→ Data records
▬▬▬

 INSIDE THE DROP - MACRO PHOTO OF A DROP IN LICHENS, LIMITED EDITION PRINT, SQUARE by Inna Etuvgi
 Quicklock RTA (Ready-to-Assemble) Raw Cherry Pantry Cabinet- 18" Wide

▬▬▬

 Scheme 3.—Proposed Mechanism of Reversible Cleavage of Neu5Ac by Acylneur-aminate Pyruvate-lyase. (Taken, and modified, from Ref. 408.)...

▬▬▬

Retype only the stretch of lines above starting at the one with "INSIDE THE DROP" and stopping at the one with "Quicklock RTA (Ready-to-Assemble)", exactly as written, with both kept.

→ Exercise solution
 INSIDE THE DROP - MACRO PHOTO OF A DROP IN LICHENS, LIMITED EDITION PRINT, SQUARE by Inna Etuvgi
 Quicklock RTA (Ready-to-Assemble) Raw Cherry Pantry Cabinet- 18" Wide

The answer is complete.